“It will not be expected that I should be able to describe, or even to enumerate, all the towns and villages of this valley…. I shall content myself, therefore, with a slight review of the most remarkable among them,” observed Colonel Kirkpatrick in “An Account of the Kingdom of Nepal”. The book was based on the Englishman Kirkpatrick’s observations made during a mission to Nepal in the year 1793.
There are many small Newar towns and villages around Kathmandu, Patan and Bhaktapur, which have their own cultural and religious importance. Writing about all aspects of the history of these towns is as difficult today it was during the period of Kirkpatrick. These villages are the lifelines of the main cities that constitute Kathmandu valley in celebrating festivals and rituals. Some peripheral towns have a longer history than the main cities. Khokana, a traditional Newar town eight kilometers south of Kathmandu (on the outskirts of Patan), also has its own illustrious past.
Many small towns are vanishing in the wave of modernity. Others are gradually losing their special identity. In the quest for survival, some families have shown the determination to retain their traditions. Purna Bahadur Dangol, aged 59, and his family in Khokana is one of them.
Two decades ago, visitors and residents in the Patan town regularly encountered people carrying mustard oil to sell in the main cities. The situation has changed today, with the easy availability of other types of oil. The population of Patan and Kathmandu, who relied on Khokana’s mustard oil, now have enormous choices and alternatives from different parts of the country and the world.
As the popularity of Khokana’s oil gradually diminishes, more and more people of the town are leaving their traditional profession for more profitable pursuits. The family of Purna Bahadur Dangol however, is happy running the traditional business. His son and grandson, too, are supporting him. Dangol has registered Rudrayani Oil Mill and is running it at Bhainsepati, a few kilometers away from his traditional hometown.
One can pick up the aroma of mustard oil cooking hundreds of feet away from his mill. “Our oil is better than any sunflower or soybean oil, as we produce it by following centuries-old practices and techniques,” said Dangol, whose oil mill consists of modern as well as traditional technology. “The combination of modern and traditional methods helps us to maintain the flavor and quality.”
Traditionally, producing, drying and threshing mustard is manual work. The pressing work is done using wooden instruments, but modern equipment has made things easier.
Dangol’s 24-year-old son, Buddhidhar, supports his father’s traditional business. “I want to continue my family profession, since I have learnt all of the methods and techniques of producing oil,” said Dangol, a third-year student working towards a Bachelors in Business Science.
In Khokana, producing mustard oil was based on a community system, as the community owned the oil mill. But many people have started family units. “Unlike our other relatives and neighbors, my sons have shown an interest in continuing this business. I am proud that this will help to preserve this centuries-old tradition,” said Dangol. He has employed half a dozen people in his mill, where people come from faraway places to buy mustard oil.

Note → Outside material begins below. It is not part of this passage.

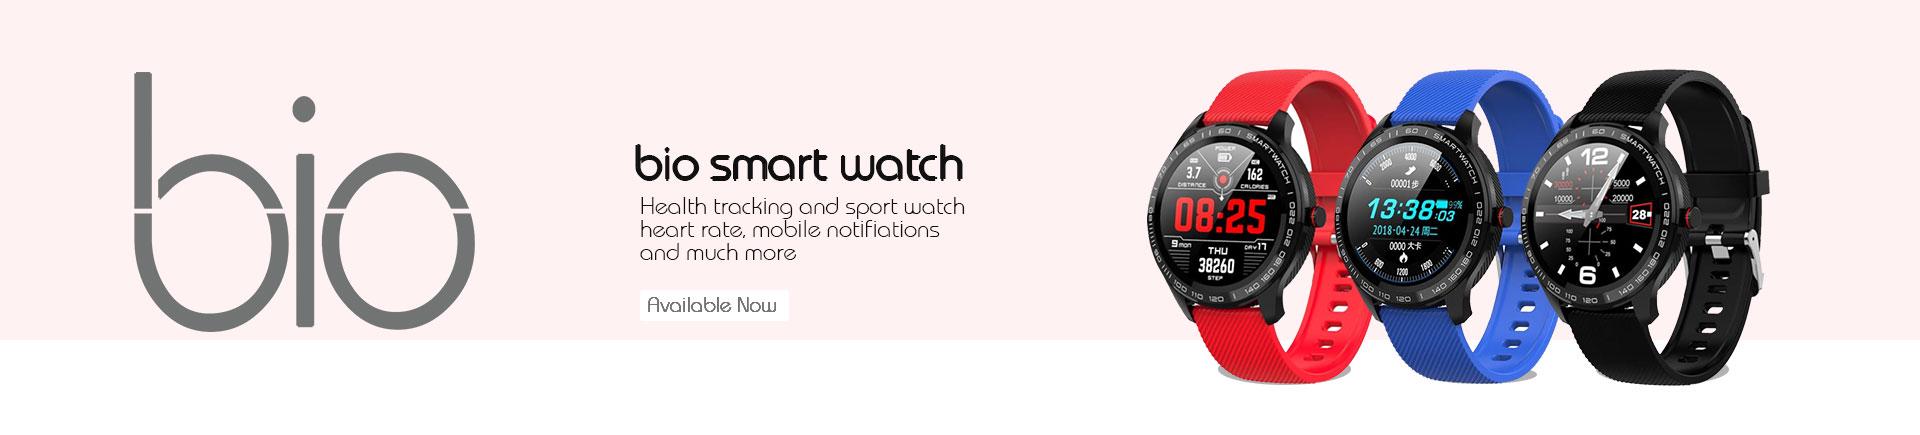 Bio Smart Watch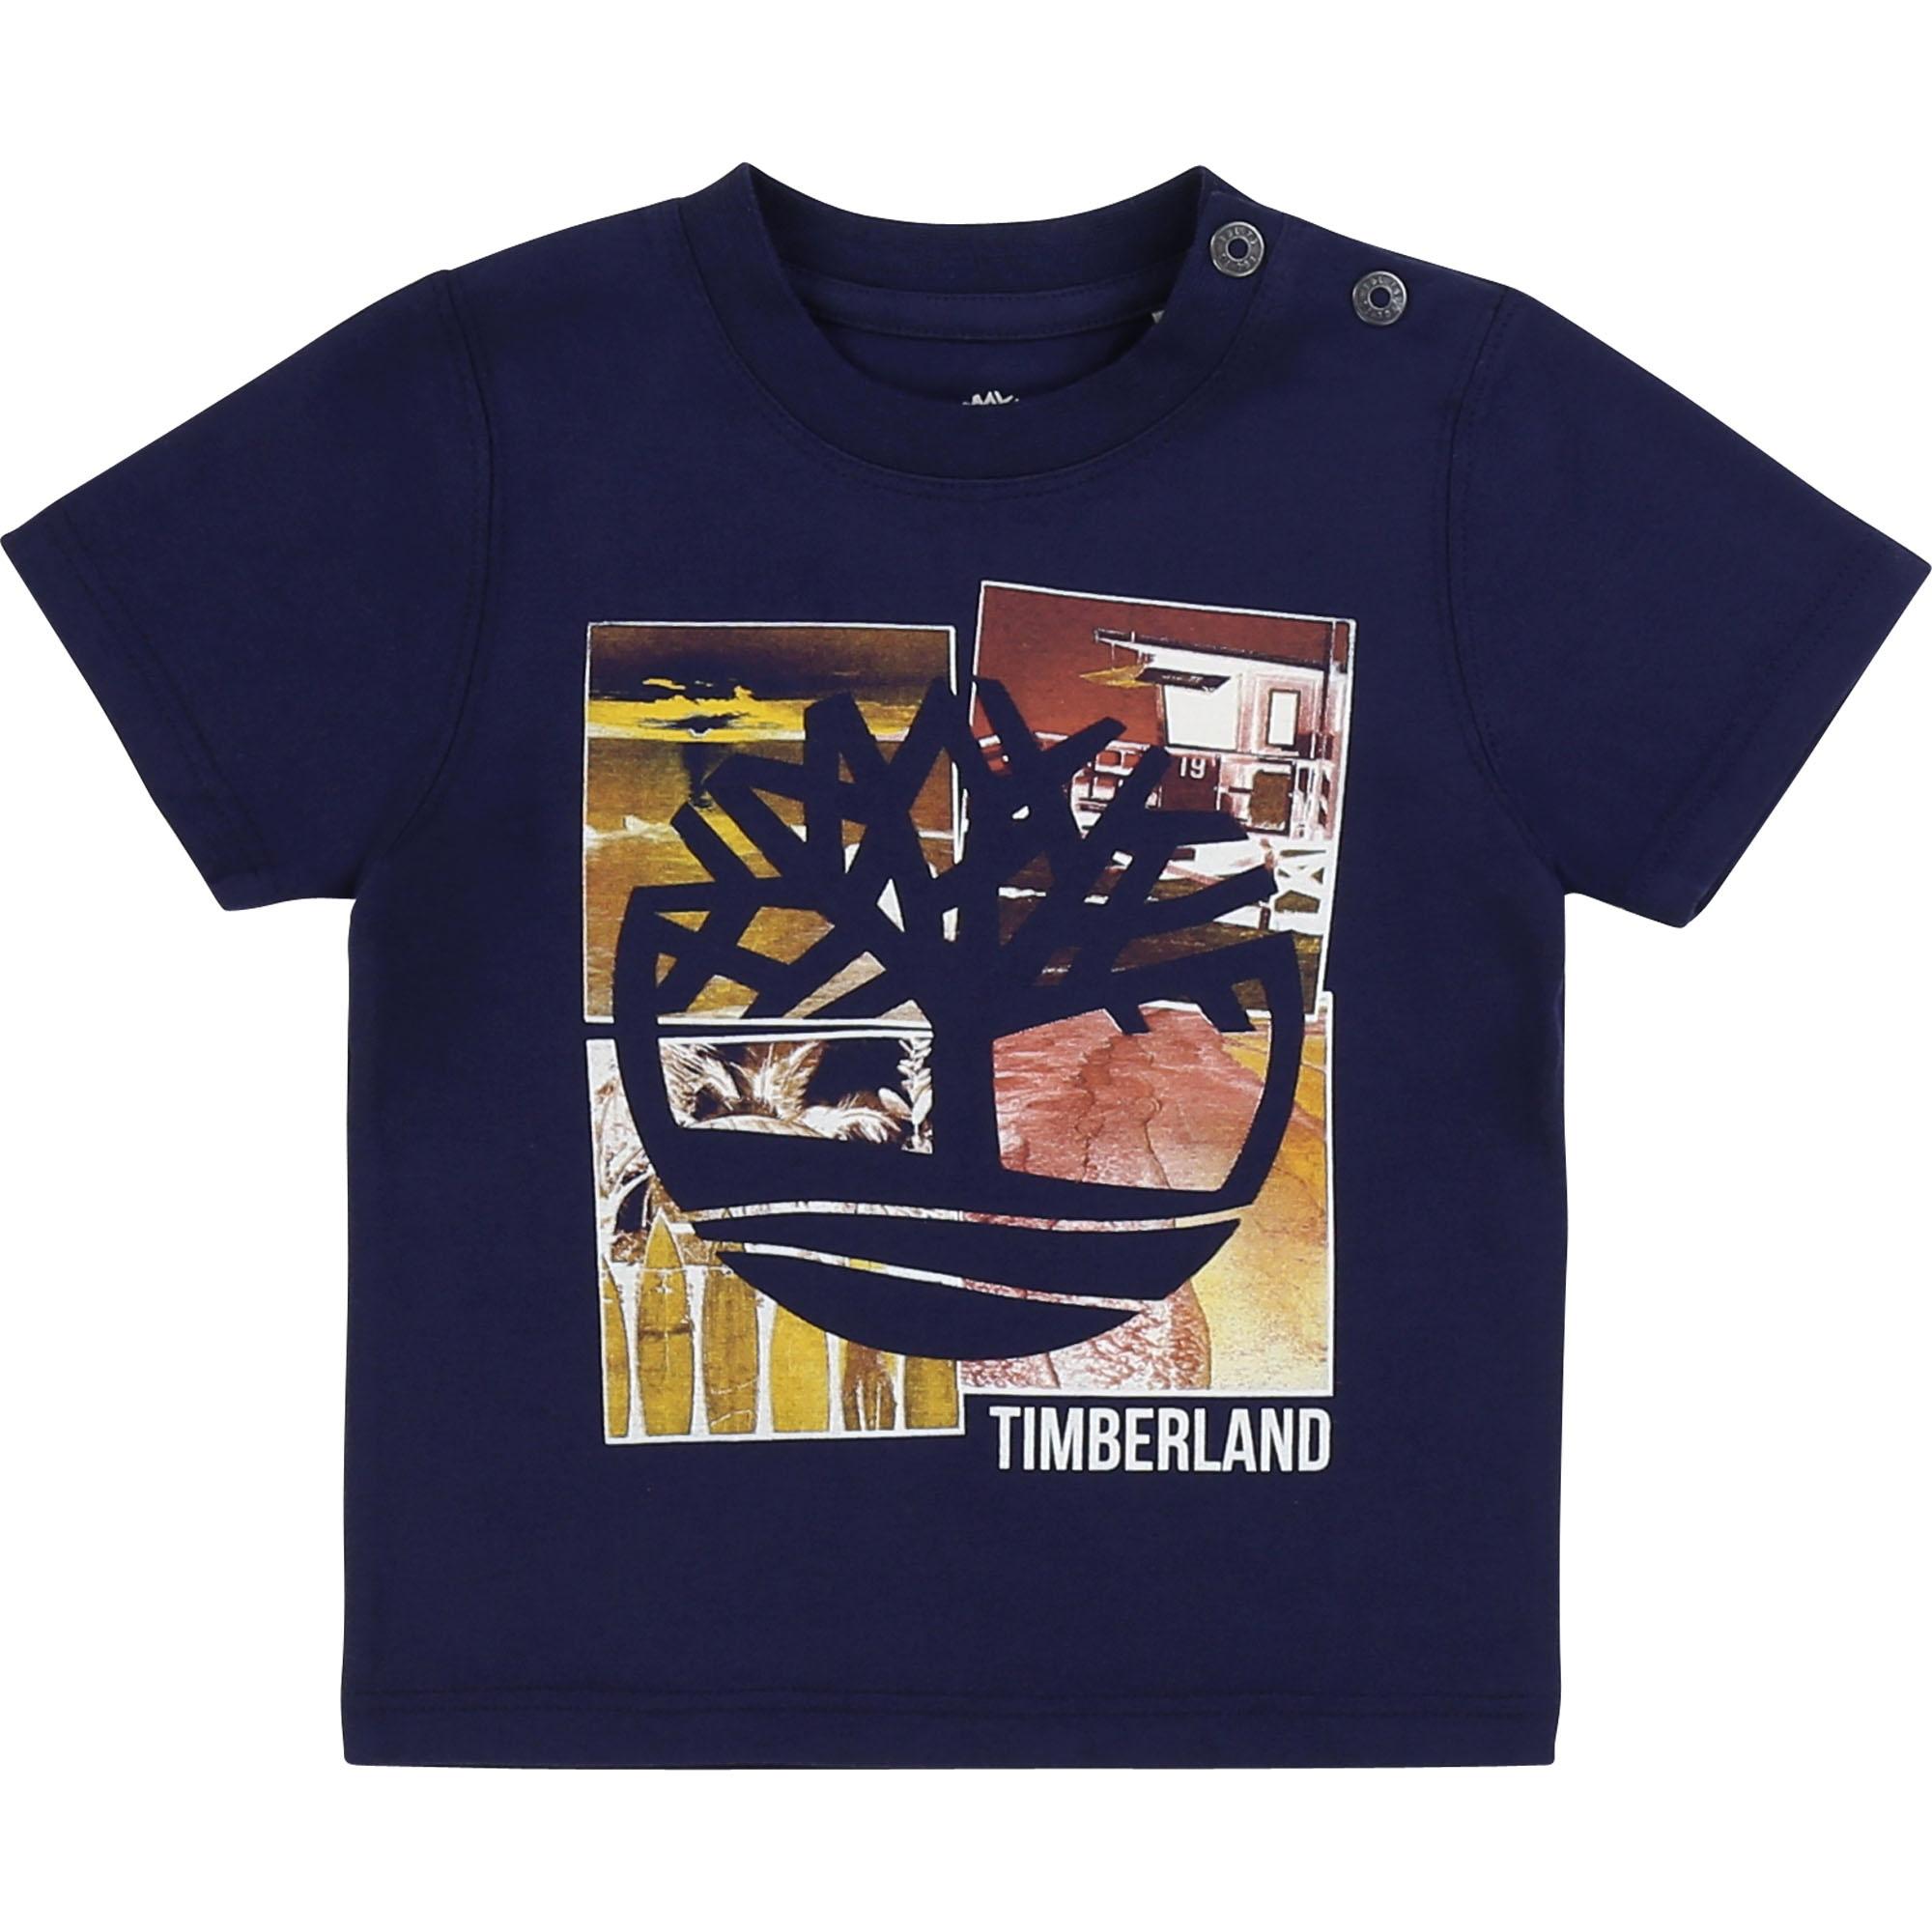 https://www.leadermode.com/188827/timberland-t05j18-85t-indigo-blue.jpg

There is no history that tells us when Khokana began to produce mustard oil, but the village is very popular for the item. Part of the reason is the cultural and religious significance of mustard. Mustard oil dregs are used by people for washing their heads and bodies, in order to purify them. “From birth to death and other religious rituals, we have to use mustard oil dregs to purify and qualify for the functions,” said Mohan Shyam Khokana, a prominent cartoonist in the local media.
Kirkpatrick indicated the presence of many Newar villages and towns around the main cities in the eighteenth century. Although no historians have traced the records of Khokana, this town does have its own unique character. “There are many old and traditional Newar towns outside the three main cities and they have their own religious, cultural and historical importance,” said Saphalya Amatya, renowned archeologist. And of course, “Khokana has also its own significance in producing mustard oil.”
Every 12 years, Khokana’s people watch the chariot of Red Machindranath going to the main city of Patan, but this ancient city is losing its own significance. With the introduction of packed mustard oil produced from bigger factories, the small cottage industries with traditional techniques cannot compete in the local market. In the last decade, many traditional oil mills have either closed down or have been dismantled.
“Small industries cannot survive in this competitive consumerism society without modification and cost saving,” says junior Dangol. “We use machines for husking mustard and press (the hot mustard seeds) with two wooden frames to produce the oil. We still retain these traditional machines, but modern equipment is used in many places.”
Other towns in the valley also produce mustard oil, but from these none matches the oil of Khokana. Many people attribute this to the diligence of its people. “As far as I know, all my ancestors were involved in the mustard oil business. As the old machine is no more profitable; I switched to the modern electric one. More than a dozen people used to be required to work the traditional equipment,” said Dangol.
“Earlier, we usually collected the mustard from the surrounding areas but now we have to rely on mustard imported from Chitwan, Nawalparasi and Dang. Our method is different since we dry the mustard before putting it in the pressing machines so people can taste the natural flavor.” With the trend of bigger oil mills, the traditional method of pressing mustard is gradually vanishing.
Badly damaged by the great earthquake of 1934, Khokana is not as appealing as Bungamati, the nearby village so much in the news these days due to the festival there. However, it has retained the traditional aspects of Newari life and some of its own unique traditions. Many of these villages surrounding the three main cities have their own peculiarity in terms of place and position. Some are known for straw mats, others are known for beaten rice, another for bamboo buckets, and so on.
Every Newar town situated in the outskirts of the valley has its own story to tell. The younger generation of Dangol’s family has shown a keen interest in keeping the tradition of producing mustard oil alive. Whether they will succeed in maintaining the fame of Khokana’s oil remains to be seen.